Barriers to XM Cloud

The sitecore landscape has been changing for a number of years, with a significant switch towards ‘composable’ architecture, and ultimately trying to push customers towards moving to their cloud SAS provision called XM Cloud.

Benefits of moving to cloud

  • Improved Scalability and Flexibility
  • Cost Savings
  • Improved Security and Reliability
  • Automatic Updates and Maintenance
  • Better User Experience

Reference: Migrating to Sitecore XM Cloud: Benefits and Considerations

In order to move to XM cloud though, the sitecore solution needs to be fully headless. This is because the SAAS offering only provides the CM instance, with no possibility to customise anything server side like pipelines, apis, viewmodels etc.

This poses a large barrier to making the change, in that we would first need to convert to headless and then make the migration to the cloud. Both of these steps are significant in their own right and would require a large amount of development and testing.

Moving to Headless

In order to first move to headless, we would need to pay for the Sitecore Headless Services module. This module is included with the more recent Sitecore subscription licenses, but would come at a significant additional recurring annual cost to those on the older perpetual licenses (i.e. where customers pay once upfront). The challenge is then to persuade budget holders that the benefits are worth the additional costs.

A Sitecore article describes the benefits of Headless as follows:

  • Enhanced flexibility – deliver experiences across range of devices, like webpages, mobile apps, smartwatches
  • Scalability – you can scale the front independent of back end
  • Extensibility – extend the front without cost, complexity, or risk of changing back-end code.
  • Stronger Security – decoupled makes it less vulnerable to attacks targeting the front-end presentation layer
  • Burstable bandwidth – leverage infrastructure resources and automatically scale as demand increases
  • Improved performance and SEO – deliver new content directly to target audiences, instead of routing them through a server
  • Ease of use for Marketers / Developers

Reference: Headless CMS vs. traditional CMS

These all sound great, but some would argue that our current Sitecore XP offering can deliver to a range of devices, is scalable (i.e. size or number of VMs or using kubernetes) and is highly extensible. Marketers (and developers) might argue its easier to stick to what they are used too, rather than changing from what they are familiar with.

The major selling points are stronger security, increased performance and burstable bandwidth. However, you are still effectively selling an approach that will result in a very similar if not identical site, which would require a significant amount of development and a large recurring cost.

Moving to XM Cloud

Moving to the cloud also presents some more things to consider.

  • Choosing the correct license – the license you choose resticts:
    • number of concurrent users to 25 (Professional) or 50 (Corporate)
      => compared to unlimited on perpetual license (we currently have over 200 authors)
    • number of sessions (configurable)
      => compared to unlimited on perpetual license
  • Parallel costs – throughout the move to cloud you pay both XM Coud licence plus
    • XP license (if subscription) + Support costs
    • Infrastructure costs
  • Optional modules not included
    • Personalise – this comes as additional cost
      => OTB the platform will offer less functionality than XP
    • CDP – this comes as additional cost
      => OTB the platform will offer less functionality than XP

The limits on concurrent users and sessions is entirely understandable for any cloud offering.
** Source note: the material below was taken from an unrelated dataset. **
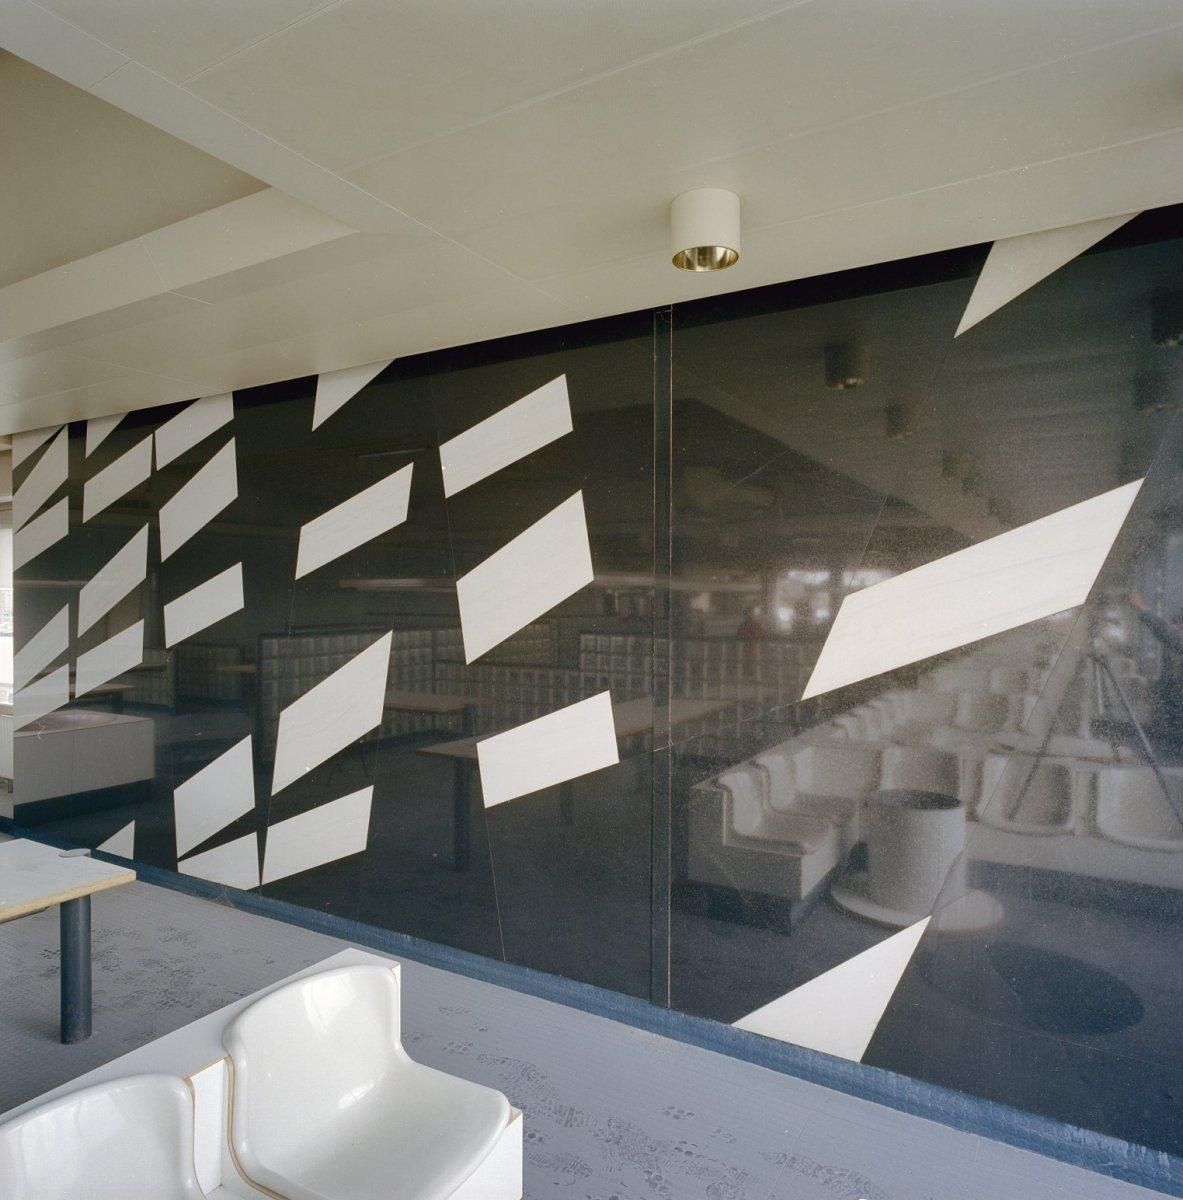 file:interieur, spiegelwand met kunstmotieven - amsterdam - 20330036
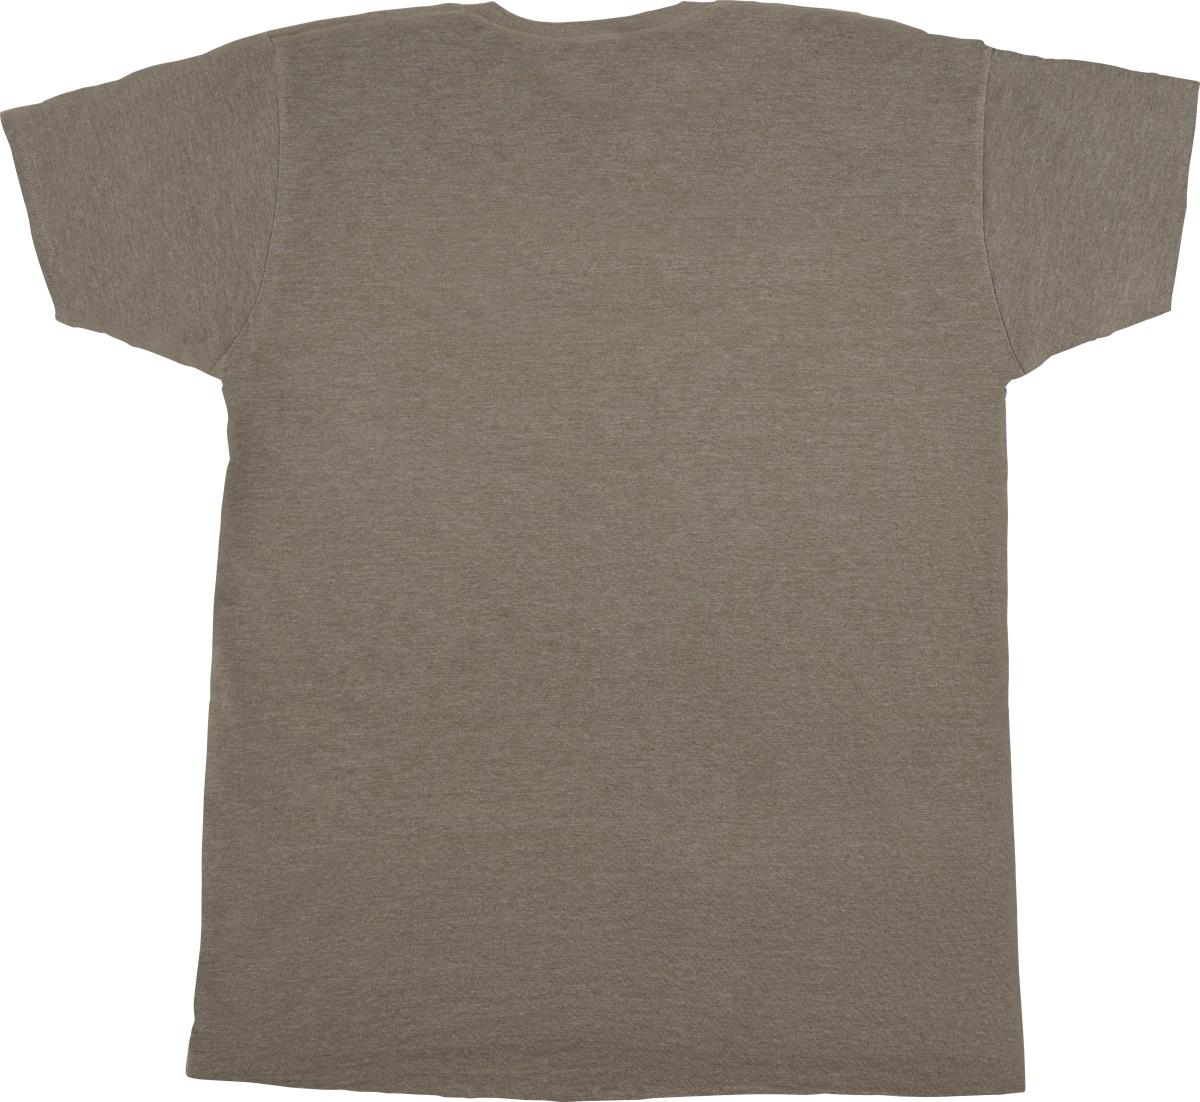 Charvel Charvel® Toothpaste Logo T-Shirt, Heather Green, L

You need to be able to manage consumption of resources, if you are to guarantee a certain level of provision. A simple review of metrics should be able to determine if whats on offer would satisfy your needs, or if the cost to maintain the status quo (in terms of users) is prohibitive.

The parallel costs could be a major barrier to any move though, as the project to move to the cloud could take as long as a year. Thus resulting additional costs of several thousandpounds, hard to justify when one of the main drivers to move to the cloud is saving costs. Perhaps some kind of license freeze, until such time as the cloud site starts serving traffic might make this more manageable.

Similarly the lack of what was core fuctionality in XP may also be a barrier. I am aware that XM Cloud comes with a certain level of personalisation OTB, without the need for the additional Sitecore Personalise product. However, if this doesnt allow the level of control currently on offer, then I suspect the marketing team would push back on any move to the cloud.


After all these considerations, it was deemed that the current benefits of moving to XM Cloud did not warrant the additional costs – both in terms of financially and the amount of time and effort that would be required to facilitate the move. The combined move, first to headless, then to cloud, offer to many unknowns at significant cost.

If something could be done to allow customers on a perpetual license to try out ‘Sitecore Headless Services’ and allow them to see the benefits first hand, it might go some way to removing these barriers. This could be done by offering a ‘free’ version with reduced features – or a free trial period.

From a personal perspective, I am not yet ready to give up on a Headless Sitecore at our institution. I plan to write my own limited version of the Sitceore Layout Engine and experiment connecting that up to a NextJS Application. If all works successully, then we will migrate some areas of our site to operate headlessly and provide us with some real world data to review and guide future plans.